In order to solve this issue, a standard technique is to define a short-list containing the most frequent words only. This has the disadvantage of increasing the out of vocabulary (OOV) rate. OOV words correspond to those unseen in the training dataset or which are not included in the vocabulary. They are all considered as unknown words and mapped to the special UNK token.

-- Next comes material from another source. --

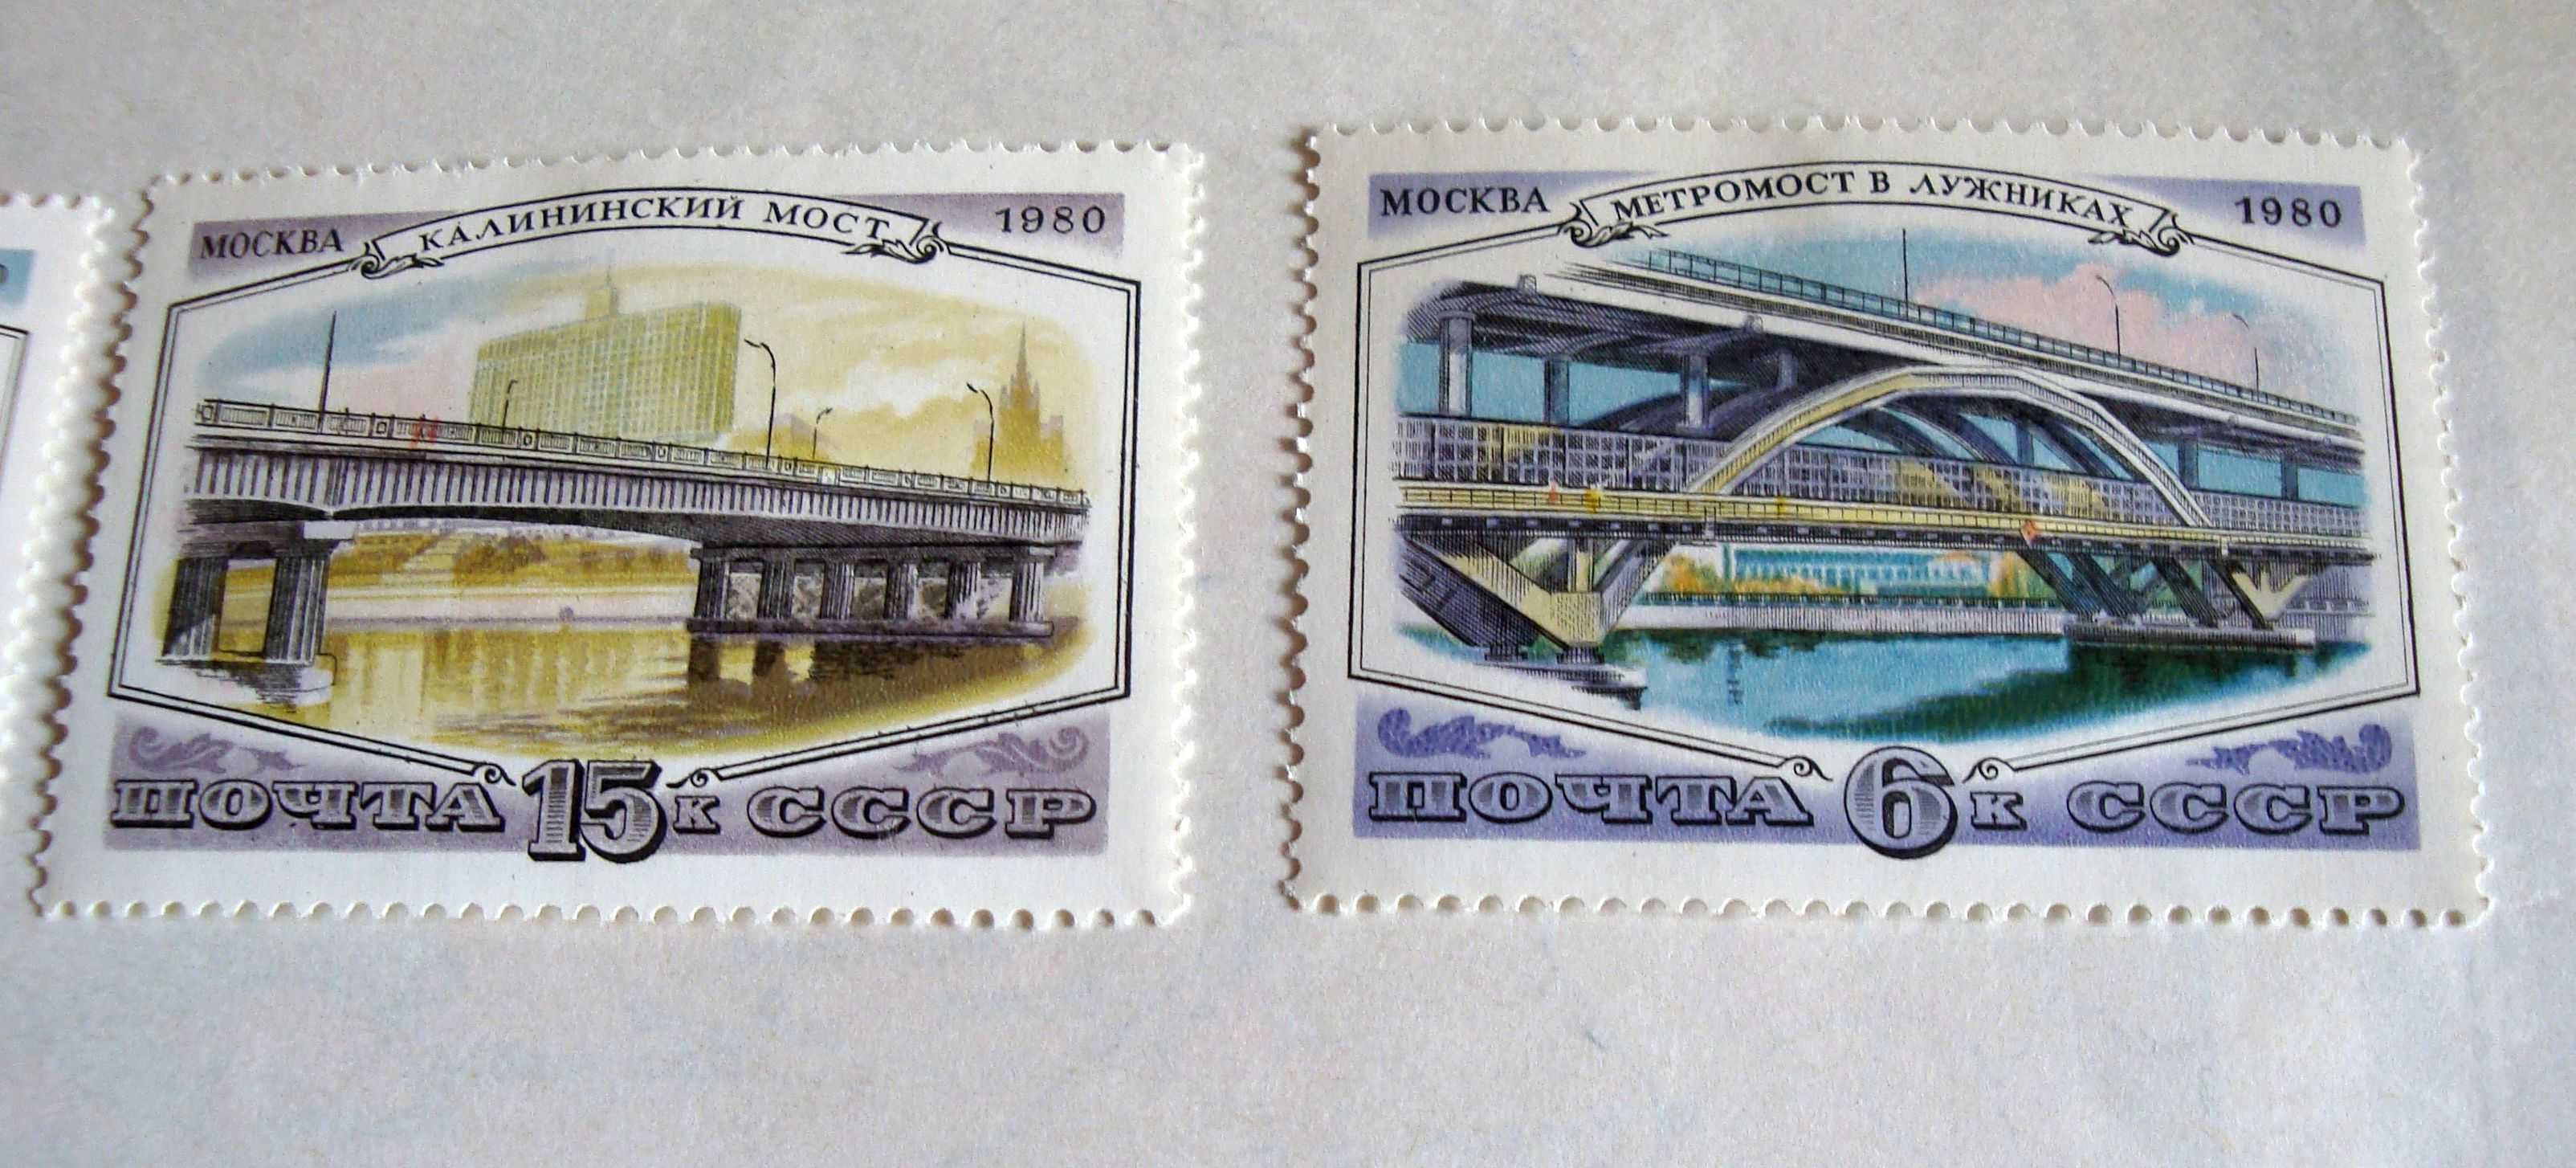 3 почтовые марки – серия  «МОСТЫ М» сов 1980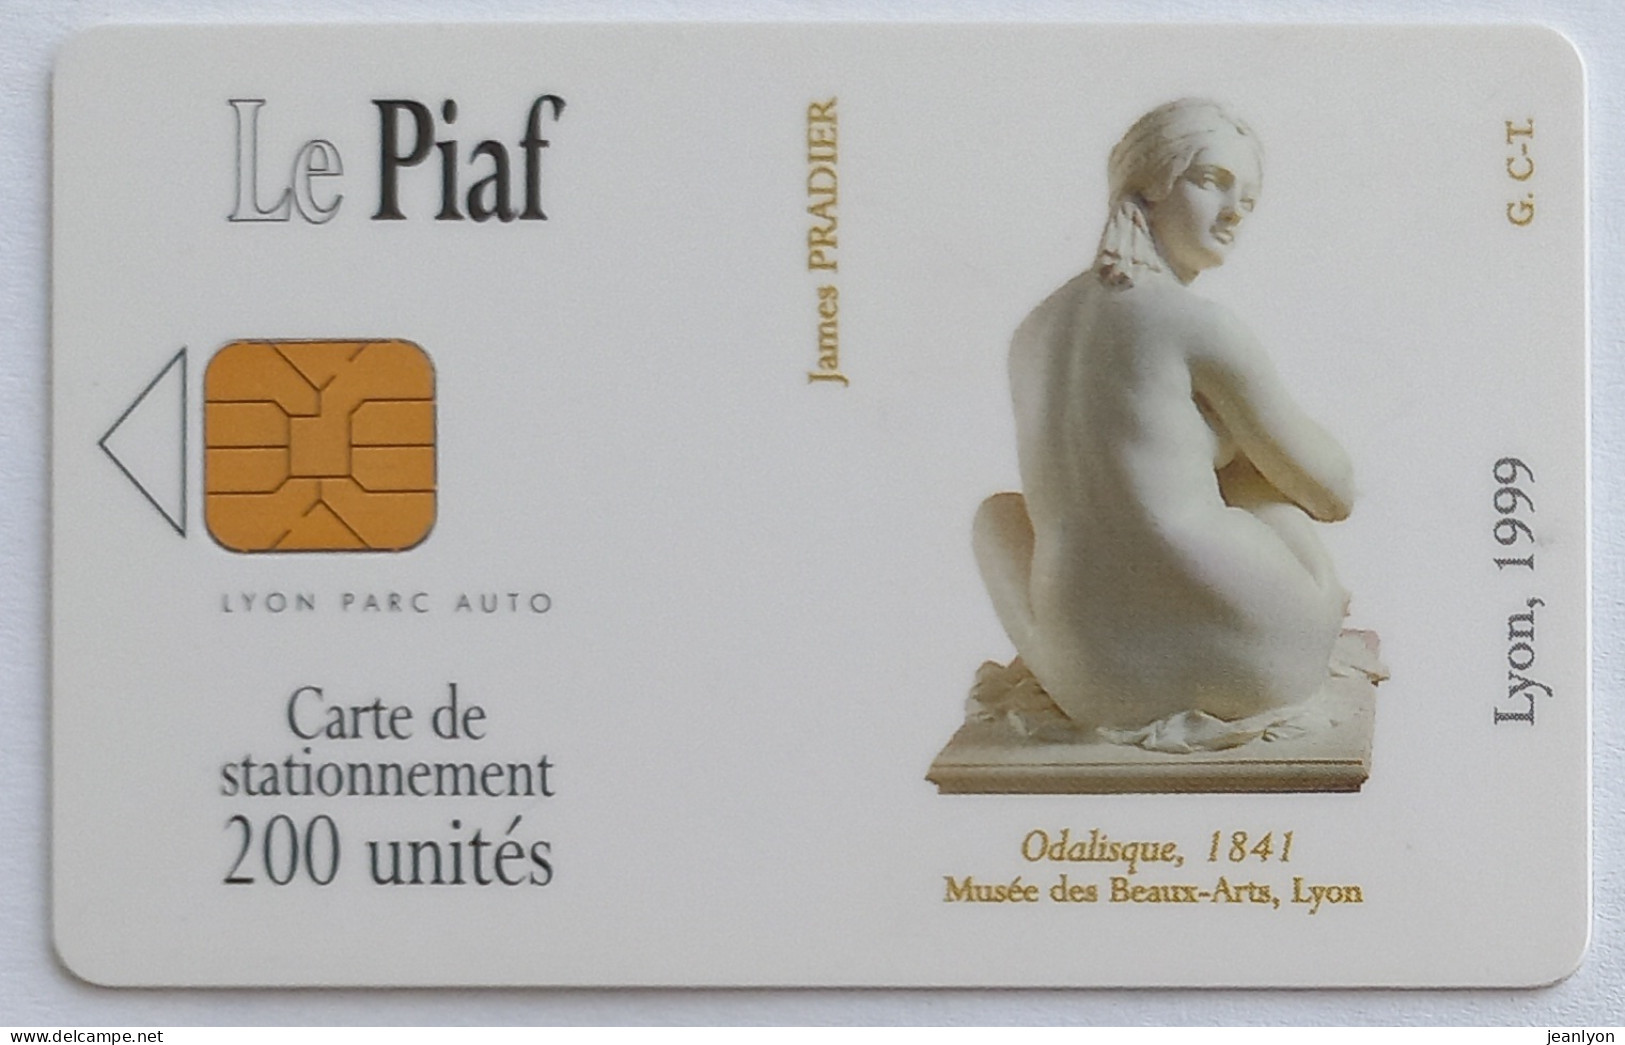 PIAF LYON - Carte Stationnement 1999 - ODALISQUE - Art / Statue - Musée Des Beaux Arts Lyon - PIAF Parking Cards

Jean, proposed to carefully organise the batches so that only a subset of the target vocabulary is possibly generated at training time. This allows the system to perform the softmax only on this subset during training (the complexity remains the same at test time). Another possibility is to define a structured output layer (SOUL) to handle the words not appearing in the shortlist. This allows the system to always apply the softmax normalization on a layer with reduced size [Le et al.2011].

Recently, some works have used subword units to translate instead of words. In Sennrich, the rare and some unknown words are encoded as subword units with the Byte Pair Encoding (BPE) method. The authors show that this can also generate words which are unseen at training time. As an extreme case, the character-level neural machine translation has been presented in several works [Chung et al.2016, Ling et al.2015, Costa-Jussà and Fonollosa2016] and showed very promising results.

In this work we propose an approach using factors as unit level in the output side of the neural network.

The factors are referring to the linguistic annotation at word level like the Part of Speech (POS) tags. Moses toolkit [Haddow and Koehn2012] for statistical machine translation is able to manage factors information in addition to the words to be able to improve the translation. Some works have used factors as additional information for language modeling [Bilmes and Kirchhoff2003, Alexandrescu2006]. Recently, factors have been used as linguistic input features to improve NMT [Sennrich and Haddow2016] as well.

Our approach differs from previous works in the sense that we use only the linguistic decomposition of the words in the output side. Each word is represented by its lemma along its linguistic factors (POS tag, tense, gender, number and person). By these means, the target vocabulary size is reduced because we do not have to keep all the derived forms of the verbs, nouns, adjectives, etc. Furthermore, we are able to produce new words that are not in the vocabulary using all the derived forms of the lemmas.

We use two different outputs for the translation at word level, one output is the lemma of the word and the other output is the rest of the factors mentioned earlier. Multiple output neural networks have been used before [Firat et al.2016] with the difference that in our approach the system produces both outputs at the same time instead of scheduling them. With both outputs (lemma and factors) we are able to generate the final word using linguistic resources.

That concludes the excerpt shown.